例:ベルガモット精油0.2%、クミン精油0.2%など
オレンジやレモンなどの柑橘類は、一般的に「圧搾法」と呼ばれる方法で果皮に含まれる精油成分を抽出しますが、柑橘類でも「水蒸気蒸留法」と呼ばれる方法で抽出されることもあります。抽出方法によって、含有成分が変わってきます。
例えば、下記のビターオレンジ精油(圧搾)と書かれている場合は、圧搾法によって抽出された成分に光毒性のある成分が含まれるということです。同じ植物からプチグレン・ビガラード精油(ビターオレンジリーブス精油)が抽出されますが、こちらは葉を水蒸気蒸留したものですので、光毒性はありません。

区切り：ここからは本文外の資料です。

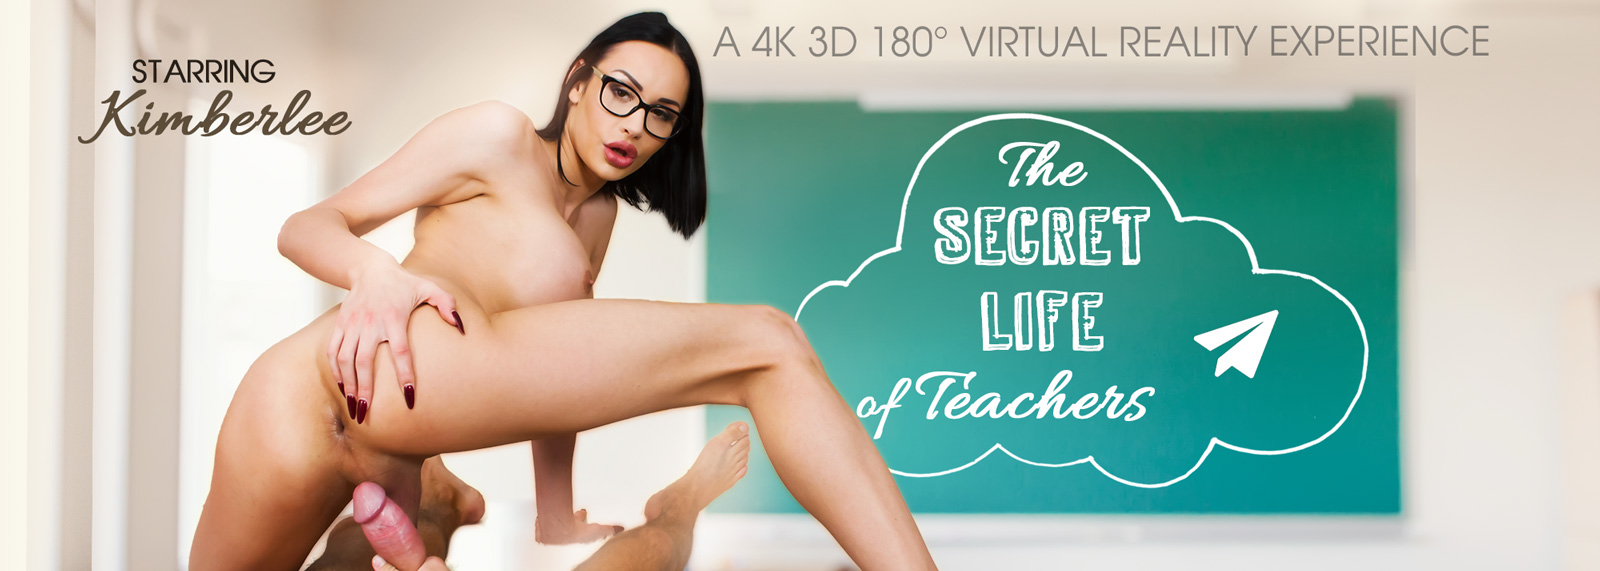 The Secret Life of Teachers - VR Porn Video, Starring: Kimber Lee VR

また、柑橘類を圧搾法で抽出した精油の全てに光毒性があるわけでもありません。
アブソリュートと付いているのは、溶剤抽出された精油ですので、水蒸気蒸留法などで抽出された精油とは成分が違ってきます。
【光毒性精油(エッセンス)として知られるもの】
精油の種類とIFRA推奨最大使用濃度(洗い流さない使用方法の場合)
・ビターオレンジ精油(圧搾)(Citrus aurantium):1.25%
・グレープフルーツ精油(圧搾)(Citrus paradisi):4.0%
・フィグリーフアブソリュート(Ficus carica):皮膚への使用は一切避ける
・ベルガモット精油(圧搾)(Citrus bergamia):0.4%
・マンダリンリーフ精油(Citrus reticulata):0.17%
・ライム精油(圧搾)(Citrus × aurantiifolia):0.7%
・ルー精油(Ruta graveolens):0.15%
・レモン精油(圧搾)(Citrus limonum):2.0%
・アンジェリカルート精油(Angelica archangelica):0.8%
・クミン精油(Cuminum cyminum):0.4%
・バーベナ精油(Aloysia citrodora、Aloysia triphylla):皮膚への使用は一切避ける
・タジェット精油(Tagetes minuta):0.01%
・タジェットアブソリュート(Tagetes minuta):0.01%
・ローレルリーフアブソリュート(Laurus nobilis):2.0%
参考:精油の安全性ガイド 第2版 ロバート・ティスランド /ロドニー・ヤング 著 2018/09/25
※IFRA(International Fragrance Association 国際香粧品香料協会)とは
香料を安全に使用するための国際的な基準を定める機関です。